As a sidenote, Mort Meskin lovers will see that some of the panels are fully redone, probably because of some comic code requesed rewrite. Maybe Estrada had already left for Germany and wasn't available. The Frantic pieces are unsigned, while most of Estrada's work for Frantic was, which is the mean reason I did not used this in the book. But it looks lovely, doesn't it?

Thursday Friday

Thursday Comic Book Day.

During this year I have been showing quite a large run of John Spranger and cartoonist Lariar's detective adventure strip Bodyguard, which later changed it's name to Ben Friday. Here are the last of the Ben Friday Sundays I have, but fear not. The series was continued as The Bantam Prince, whose character was already introduced in Ben Friday. He was replaced there by Carl Pfeuer on July 8 1951, but more on that when we get there. I am not completely sure where the name change occurred, because my Ben Fridays end here on October 8 and start with The Bantam Prince on October 29.




Wednesday, December 06, 2017

Everywhere You Look

Wednesday Advertising Day.

Some newspaper ads, most probably from the famous Johnstone and Cushing agency.


I normally don't scan stuff that is cut, but I think these late fifties Camels ads by Dik Browne are so nice and so rare, that I am sharing this one from the bak of another strip anyway.
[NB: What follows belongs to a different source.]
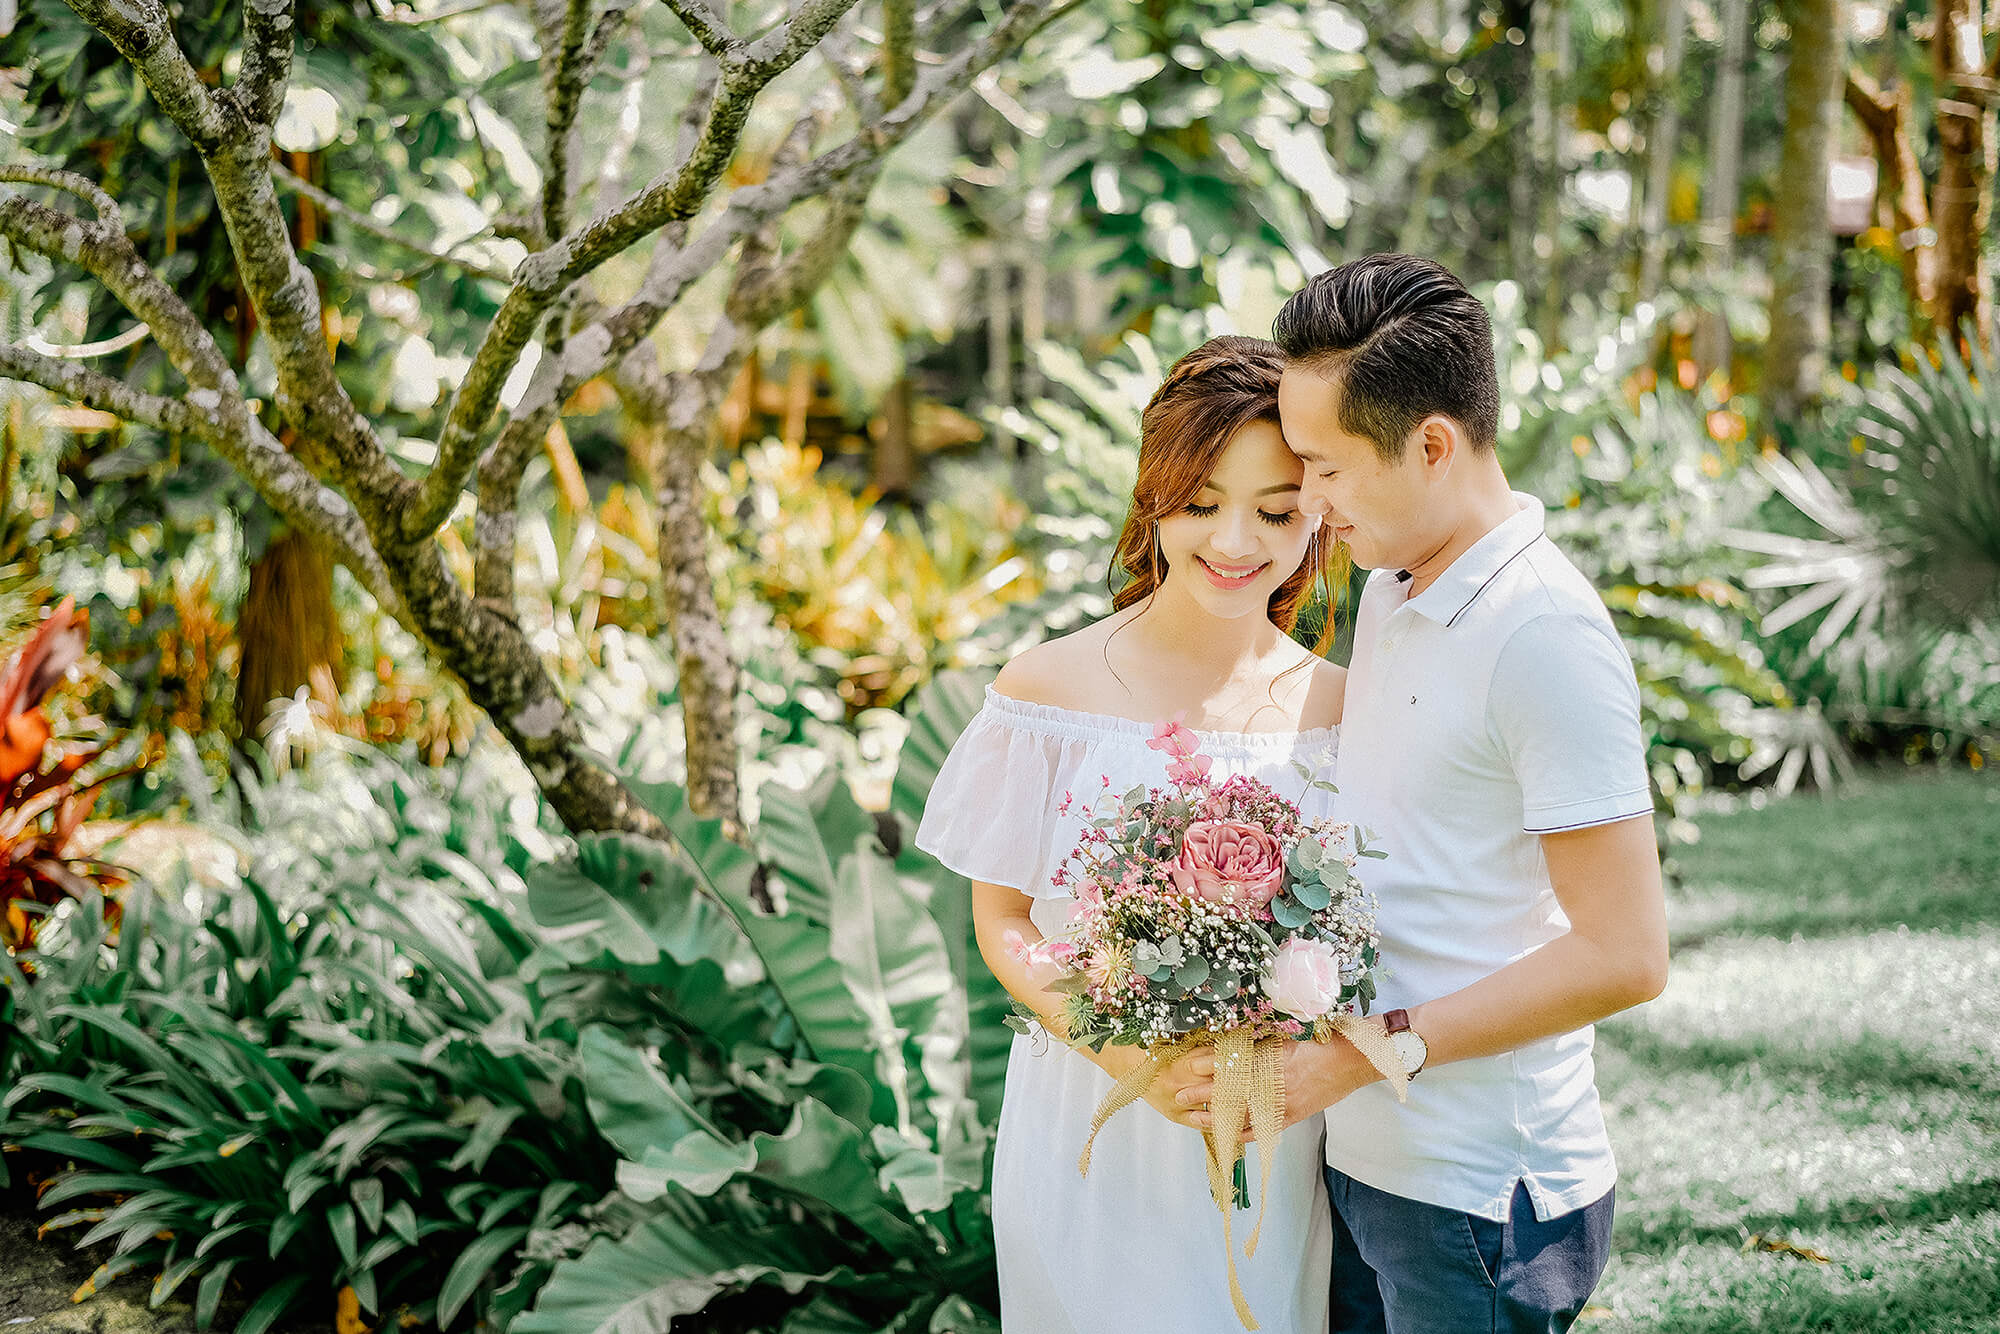 Honeymoon Travel in Phuket with Photographer

Note that it is from 1959, so well into Browne's run of Hi and Lois (daily and Sunday, while he was also doing a weekly strip for the Boy's Life comic section). Most have been a very well paying assignment.


Between 1940 and 1945 Camels were doing their famous celebrity assignment strips. After that, they diversivied. First they had Bob Buggs Sgt. Bilko ads and later the square ones by Dik Brown. But they didn't own the celebrity endorsement idea. They were all over popular culture, including newspaper comic strip ads. So these ones are for all the Peggy Lee and Fontaine sisters fans out there.
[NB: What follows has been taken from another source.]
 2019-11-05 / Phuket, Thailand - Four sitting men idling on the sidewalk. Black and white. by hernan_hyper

Just a seperate and rather bland one, which sems to me to be by Elmer Wexler.


And aother bland one, which is by an unexpected visitor at Johnstone and Cushing, signing NC. Comic book (and Batman) fans know this is Nick Cardy, who did a lot of work on J&C's comic book section in Boy's Life and later joined his fellow J&C regular Neal Adams at DC doing Batman and horror covers.


And finally a sample of what I call the Rosetta stone series of ads for the Smith Brothers black coughdrops. It showcases the same style as the Lipton Tea ads, which always seeed to me to be by Dik Browne and Gill Fox imitating the Harry Haenigson style. In the Smith Brotehrs ads you can see three styles, the first unsigned - which seems like the Lipton Tea ads, the second signed by Gill Fox - which is like the Lipton Tea style but slightly different and the third signed by Bill Williams - who took over a couple of Dik Browne's accounts when he left for Hi and Lois.

Tuesday, December 05, 2017

A Chappie, A Sappy and a Poppy

Tuesday Comic Strip Day.

Thimble Theatre and Popeye's daddy Elzie Segar started out doing Charlie Chaplin strips and I found a few.


Thimble Theatre itself wasn't too bad either before Popeye came on and stole the show.